DPO: The Simpler Alternative
Direct Preference Optimisation (DPO), introduced in 2023, achieves RLHF-level alignment without the separate reward model or RL optimisation loop. It reformulates the RLHF objective as a supervised classification problem directly on the preference pairs. DPO is simpler, more stable, and nearly as effective — most open-source fine-tuned models (Llama 3 Instruct, Mistral Instruct) now use DPO or its variants.

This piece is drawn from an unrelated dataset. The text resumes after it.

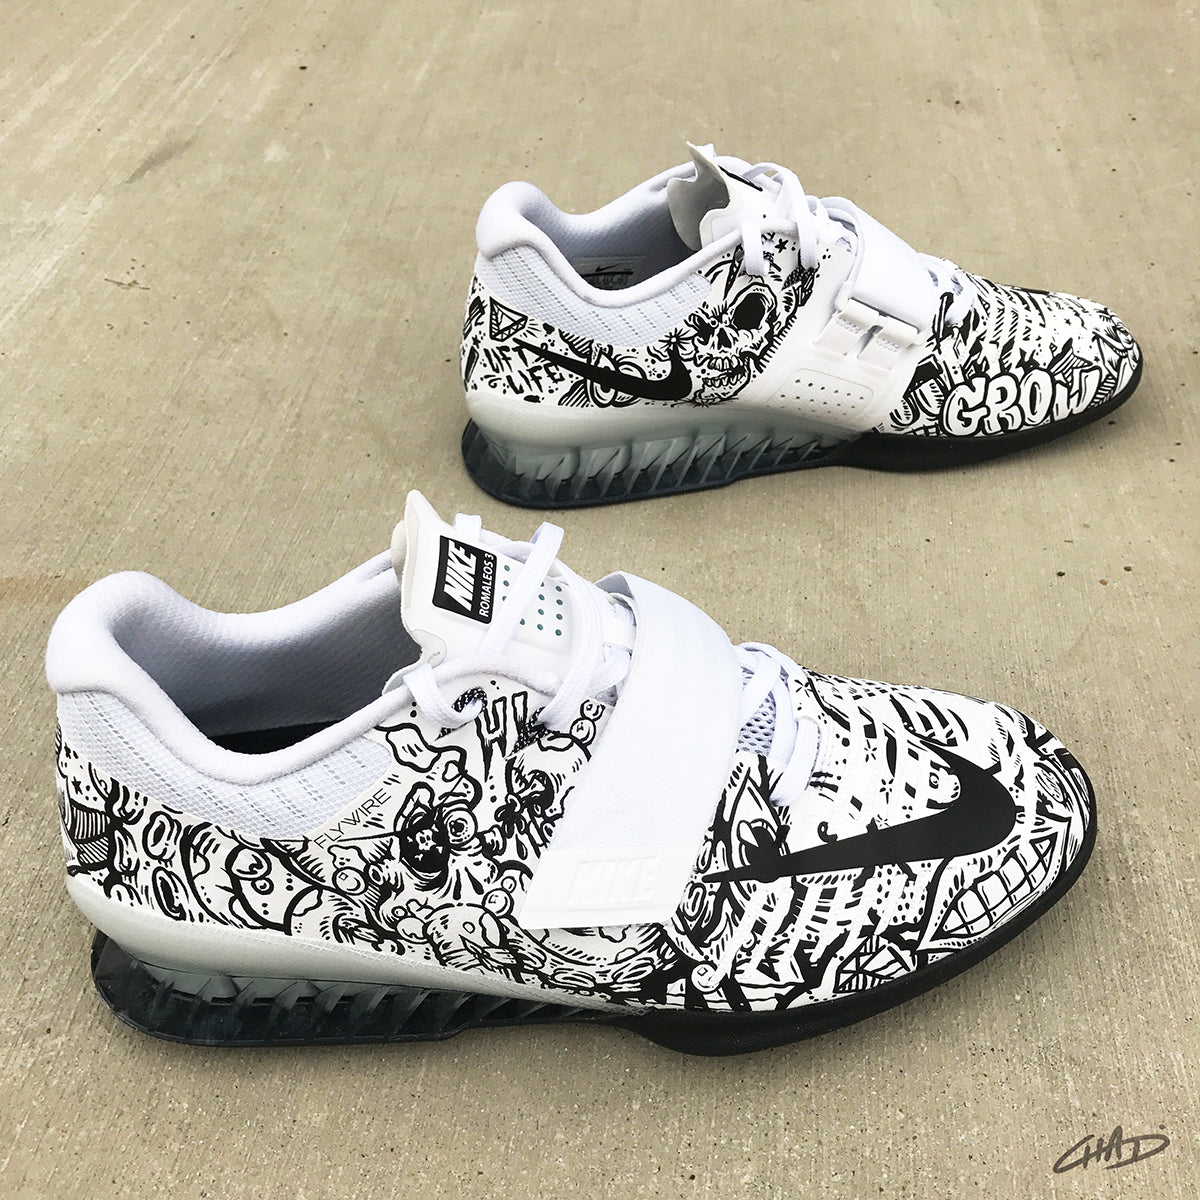 Hand painted Nike Romaleos 3 olympic weightlifting –

12Evaluation & Hallucination: Knowing When Your AI Is Actually Working
Evaluation is widely considered the hardest unsolved problem in LLM engineering. Unlike traditional software where a test either passes or fails, LLM outputs exist on a spectrum of quality — and that quality depends on the user's intent, the task, and often the cultural context. Getting evaluation right is what separates AI products that ship reliably from those that require constant firefighting.
Reference-Based Metrics
BLEU (Bilingual Evaluation Understudy) and ROUGE measure n-gram overlap between the model output and a human reference. They're cheap and automatic, making them useful for machine translation and summarisation benchmarks. Their weakness: a response can score 0 BLEU while being semantically identical to the reference (just paraphrased), or score high BLEU while being factually wrong.
LLM-as-Judge
The dominant modern approach: use a powerful LLM (GPT-4o, Claude Opus) to score model outputs on dimensions like correctness, helpfulness, conciseness, and safety. This scales to thousands of samples without human raters and correlates well with human judgement (typically 80–85% agreement). The key risk is judge bias — LLMs tend to prefer longer, verbose answers and responses from the same model family.
RAG-Specific Evaluation: RAGAs
RAGAs (Retrieval Augmented Generation Assessment) is the standard evaluation framework for RAG systems. It measures four dimensions without requiring human labels: Faithfulness (does the answer contain only facts from the retrieved context?), Answer Relevancy (does the answer address the question?), Context Precision (how relevant are the retrieved chunks to the question?), and Context Recall (did we retrieve all the relevant chunks?).
What to Study Next
Beyond the 12 concepts above, strong candidates in 2026 are expected to have working knowledge of context window management (KV cache, sliding window attention, positional encoding variants like RoPE and ALiBi), model serving infrastructure (vLLM, TGI, ONNX Runtime for inference optimisation), and AI safety basics (red-teaming, jailbreaking patterns, constitutional constraints). These topics appear in senior interviews at AI-first companies and frontier labs.